Motivated by a paternalistic desire to protect the morals of the working class and immigrants, the reformers were in favor of prohibition. Restricting alcohol was seen as a progressive cause. It was championed by the same people who agitated for women’s suffrage, the income tax, and the direct election of senators, and whose grandparents had agitated for the abolition of slavery. The headquarters of the Women’s Christian Temperance Union was and is in Evanston, to this day a bastion of upper-middle liberalism. (The Frances Willard House, home of the WCTU’s founder, is now a museum open on the first and third Sunday of each month.)
Prohibition also introduced us to a grafter, Michael “Hinky Dink” Kenna, saloon keeper and alderman of the 1st Ward. According to the Encyclopedia of Chicago History, Kenna “created in the 1890s a First Ward political machine based on graft and protection money from the saloons, brothels, and gambling halls of the Levee district, just south of the Loop.”
His customers, needless to say, were the very working men Willard sought to protect from their vices. As Prohibition points out, advocates of temperance, or “drys,” tended to be small-town, native-born Protestants. Those who wanted to keep the liquor flowing, or “wets,” were immigrants and Catholics who saw attacks on drinking as attacks on their culture.
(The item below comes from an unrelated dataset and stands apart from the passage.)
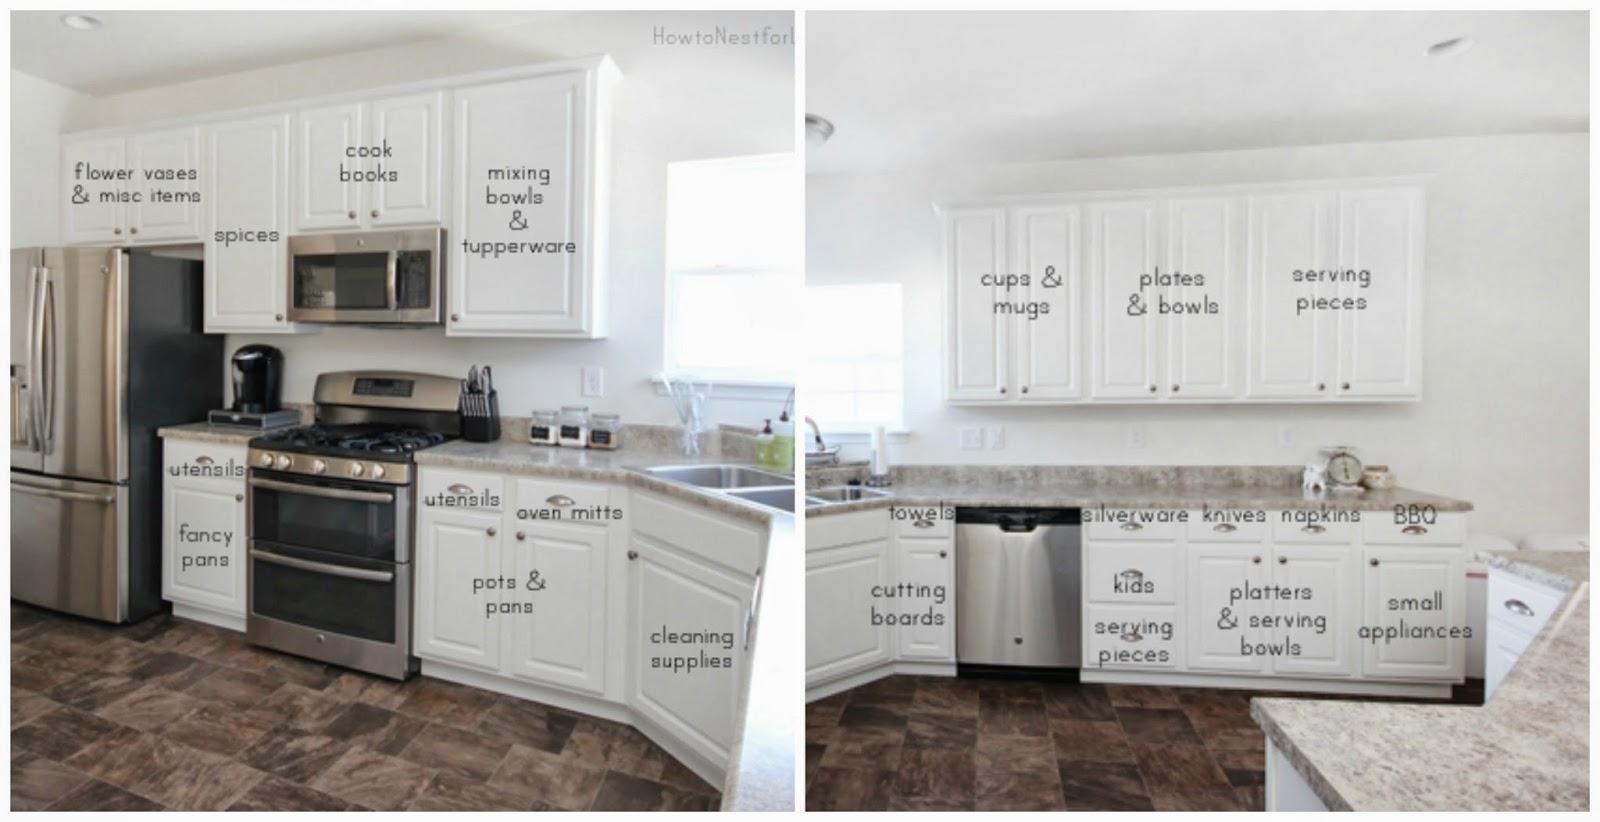 Keuken Schilderen Inspiratie : Inspiratie Keuken ? Veggielista

The issue of Prohibition is long dead, but the political factions that fought over it are not. The descendants of the drys are reform groups such as the Better Government Association and the Illinois Campaign for Political Reform, which draw their support from the wealthier, WASPier areas of Chicagoland: the lakefront, the North Shore, Hyde Park. The descendants of the wets are…pretty much every Democrat on the City Council and in the state legislature, elected by the voters the reformers are trying to protect.